A corpus-based study of 16th-century Slovene clitics and clitic-like elements

Authors

  • Alenka Jelovšek ZRC SAZU, Fran Ramovš Institute of the Slovenian Language
  • Tomaž Erjavec Jožef Stefan Institute

DOI:

https://doi.org/10.3986/sjsls.12.1.01

Abstract

This paper undertakes a corpus-based linguistic investigation of the spelling variation in 16th century Slovene both from the diachronic and synchronic points of view. The investigation is based on a manually annotated sample (approx. 14,000 word tokens) from Primož Trubar’s Ta pervi deil tiga Noviga teſtamenta, 1557, and Hiſhna poſtilla, 1595, and Jurij Juričič’s Poſtilla, 1578, and it concentrates on clitics and clitic-like elements. Statistical analysis, based on comparison of the spelling conventions of the early modern period to those of contemporary Slovene using normalised forms of the originals, where we observe cases where one orthographic word is nowadays written as two or more words (1–n mapping) or vice-versa (n–1 mapping), shows that the overall percentage of split and joined word tokens is 5.7%, with JPo 1578 having the highest percentage, and TPo 1595 the lowest, less than half of that of JPo 1578. Of these, the vast majority is for cases where a word is now split. The most predominant among the bound words are non-syllable prepositions v ‘in(to)’, k ‘to’, and z ‘with’, followed by negative proclitic ne ‘not’, enclitic particle li ‘whether, if’ and in rare instances conditional particle bi, reflexive particle se, na ‘on’, ob ‘at, by’, pri ‘at, beside’ and za ‘for, behind’ (the absolute numbers of specific clitics partially correlate with the prevalence of bound variants in comparison with the freestanding variants of those clitics, with the most frequent being predominantly bound while the least frequent are predominantly freestanding). Individual instances of two accented words written together can be attributed to German influence (figino_drevo, der Pfeigenbaum ‘fig tree’).

The cases where one modernised word correlates to two original words are, with the exception of superlative adjective/adverb prefix naj-/nar- ‘the most’ that is orthographically bound with its root in about 25% of instances, sporadic or can be identified as errors in the original books. Of interest are also cases when beginnings of words that are homonymous with non- or one syllable prepositions are separated from the remainder of the word with an apostrophe (eg. s’_nameinja ‘signs’, s’_derſhati ‘to endure’, do_bruta ‘goodness’, sa_doſti ‘enough’).
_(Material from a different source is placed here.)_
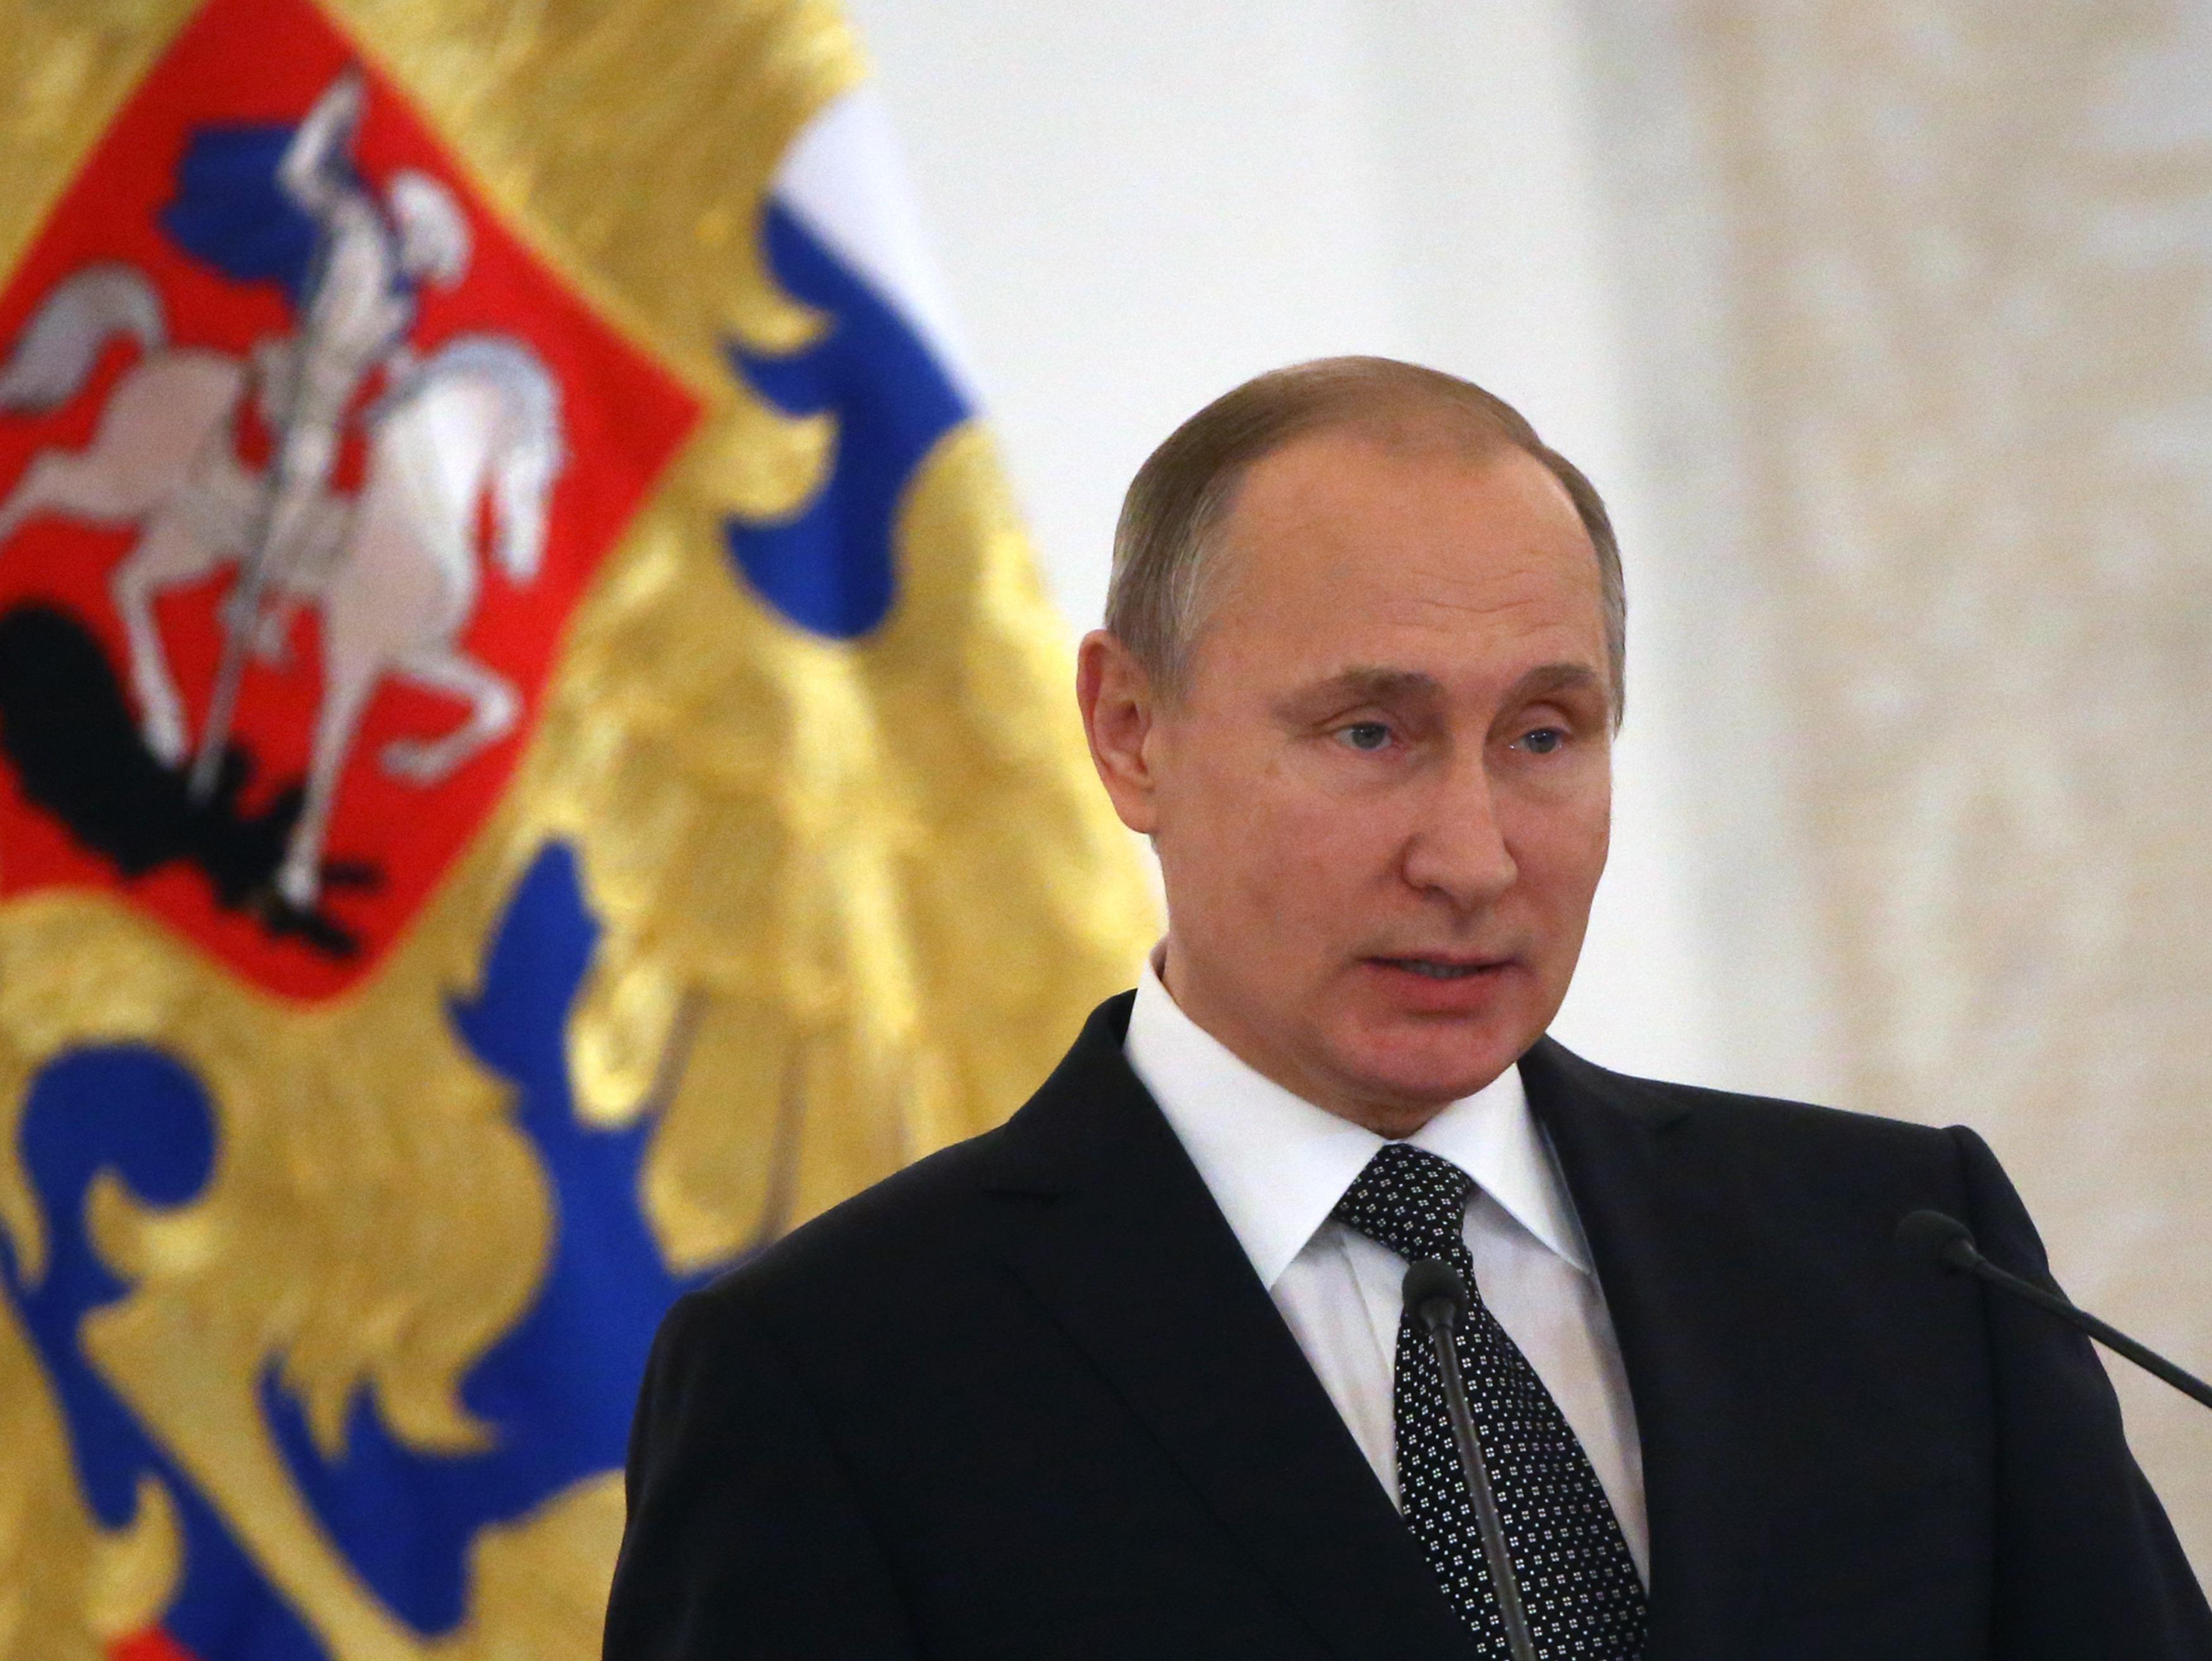 Russian President Vladimir Putin Attends Heroes Of The Farherland's Day Reception

The normalisation also enables the identification of the orthographical variants of the most commonly bound clitics, i. e. non-syllable prepositions k, z and v. K and its allomorph /h/ have 5 attested spelling variants, of which one <q_> is limited to hosts starting with a v-. For z with a voiced allomorph /z/ and voiceless allomorph /s/ three variant spellings were discovered that only partially correspond with a voiceless/voiced distinction of the initial sound of the host word, and the cases of merging with the host that begins with s-/z- were identified. Additional positional spellings probably represent other allomorphs: <sh/ſh/s’h> for palatalized /ž/ in front of a palatal ń and <ſa>, >ſo/so> for syllabified /za/, /zo/. The preposition v shows the highest degree of orthographical variation of all analysed words as it has 10 different spellings: general bound <v_> and <u_> and freestanding <v’_>; <uv_>, <uv’_> and <u’_v> in front of a vowel; <u’_> and <va_> attested only in front of a v-, as well as <v_> and <v’> merged with the initial v- of the host.

The analysis of spelling variation in non-syllable prepositions showed that even a relatively limited hand-corrected annotated sample enabled identification of majority of spelling variants identified in previous works, while with the use of noSketch Engine tool further information about their relative frequency and distribution was obtained. As the hand-corrected corpus is expanded such research will yield even more relevant information for the study of the 16th century Slovene literary language that will significantly supplement existing findings (based on traditionally collected examples) with the help of a large amount of statistically relevant data.

Downloads

Download data is not yet available.

References

Ahačič, Kozma. 2014. The History of Linguistic Thought and Language Use in 16th Century Slovenia. Frankfurt am Main [etc.]: Peter Lang.

Ahačič, Kozma. Legan Ravnikar, Andreja. Merše, Majda. Narat, Jožica. Novak, France. 2011. Besedje slovenskega knjižnega jezika 16. stoletja. Ljubljana: Založba ZRC, ZRC SAZU.

Eckart de Castilho, R. Biemann, C. Gurevych, I. Yimam, S.M. 2014. WebAnno: a flexible, web-based annotation tool for CLARIN. Proceedings of the CLARIN Annual Conference (CAC) 2014, Soesterberg, Netherlands.

Erjavec, Tomaž. 2015. Reference corpus of historical Slovene goo300k 1.2. Slovenian language resource repository CLARIN.SI, http://hdl.handle.net/11356/1025, 2015.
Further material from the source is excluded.